When reading a csv file with pandas.read_csv, it seems that when using the keyword converters some other preprocessing arguments (tested with decimal and na_values) seem to have no effect. Example:
import pandas as pd
from io import StringIO
txt = "A B C\n12,5 4 xxx\n3,1 7 5,6\n8 n/a 7"
buffer = StringIO(txt)
converters = {i: lambda x: x for i in range(3)} # dummy converter
df1 = pd.read_csv(buffer, sep=" ", decimal=",", na_values=["xxx"])
buffer.seek(0)
df2 = pd.read_csv(buffer, sep=" ", decimal=",", na_values=["xxx"], converters=converters)
print(df1)
print(df2)
A B C
0 12.5 4.0 NaN
1 3.1 7.0 5.6
2 8.0 NaN 7.0
A B C
0 12,5 4 xxx
1 3,1 7 5,6
2 8 n/a 7
df1 is imported correctly, while df2 holds unconverted strings (dtype: object). Obviously the arguments decimal and na_values are ignored as soon as a converter is defined explicitly for the column. Even the integrated default NA-conversion of the string "n/a" fails (keep_default_na=True)

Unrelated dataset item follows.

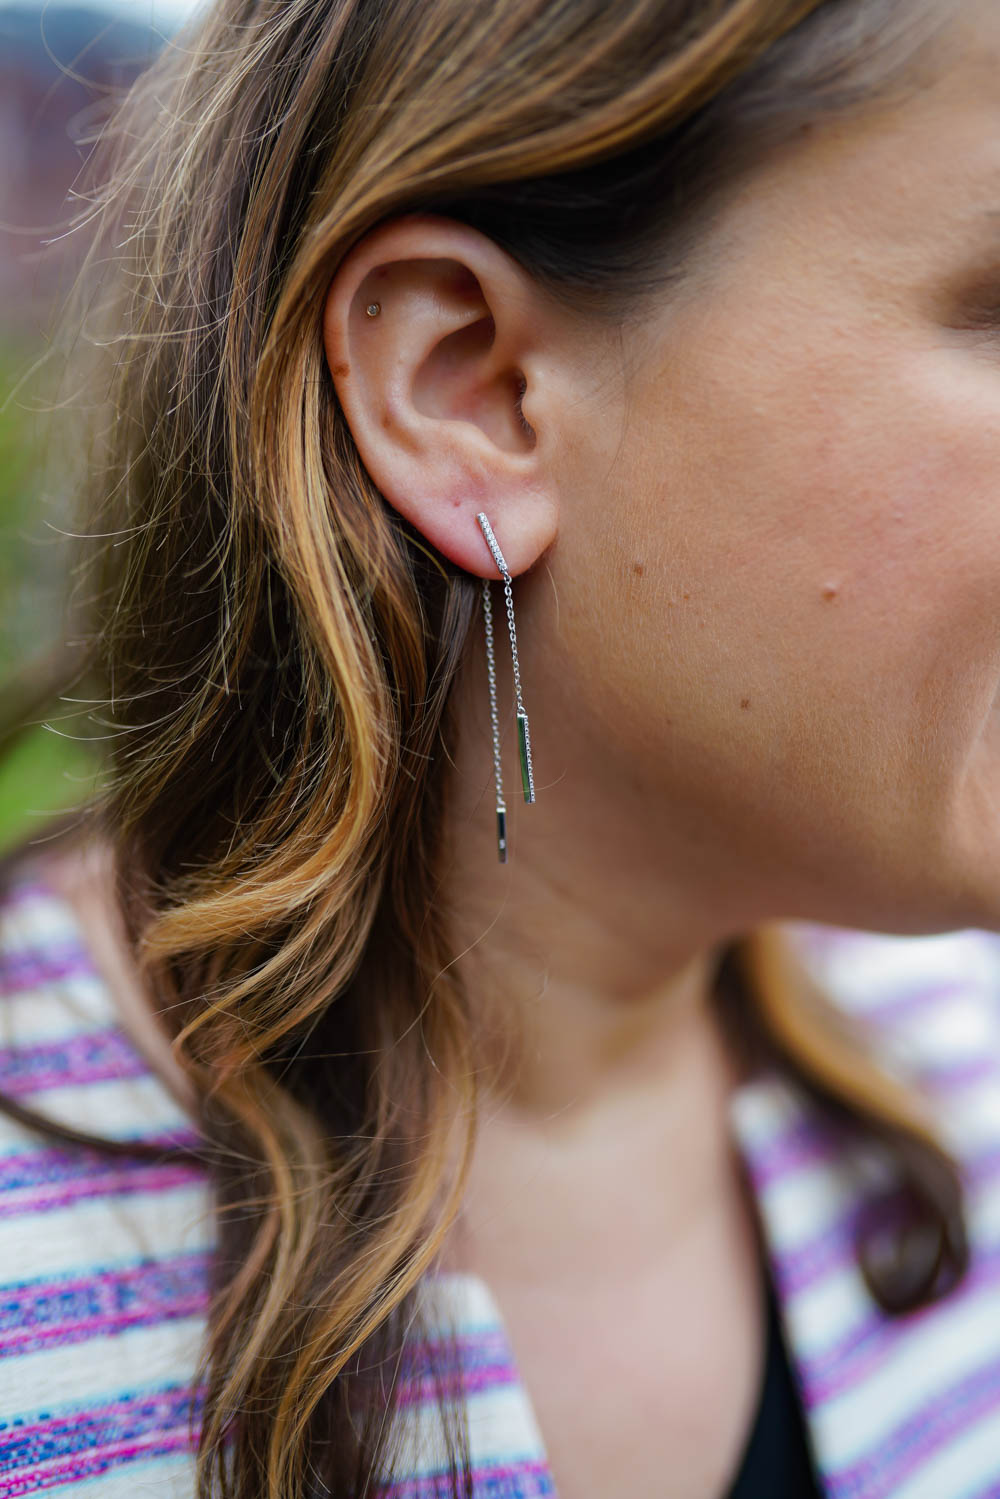 fun earrings

Question: Is there a way to use converters and other preprocessing arguments together? Or do I have to extend my application specific converters with additional decimal sign and NA-value converters manually?
CodePudding user response:
No it's not possible. Even if the documentation is not clear about sep, decimal and thousands parameters except for dtype:
If converters are specified, they will be applied INSTEAD of dtype conversion.
Consider this parameters as only used by the default converter of read_csv.
A possible solution is to let read_csv parse your file then use assign to modify the value of each column.
For instance:
df = (pd.read_csv('input.csv', sep=';', decimal=',', thousands='_')
.assign(col1=lambda x: converters(x['col1']),
col2=lambda x: converters(x['col2']))
CodePudding user response:
I didn't look into detail why it is so, but it looks like this depends on engine used. You can specify engine='python' in order for it to work
import pandas as pd
from io import StringIO
txt = "A B C\n12,5 4 xxx\n3,1 7 5,6\n8 4 7"
buffer = StringIO(txt)
converters = {i: lambda x: x for i in range(3)} # dummy converter
df1 = pd.read_csv(buffer, sep=" ", decimal=",", na_values=["xxx"])
buffer.seek(0)
df2 = pd.read_csv(buffer, sep=" ", decimal=",", na_values=["xxx"], converters=converters, engine='python')
print(df1)
print(df2)
output:
A B C
0 12.5 4 NaN
1 3.1 7 5.6
2 8.0 4 7.0
A B C
0 12.5 4 NaN
1 3.1 7 5.6
2 8 4 7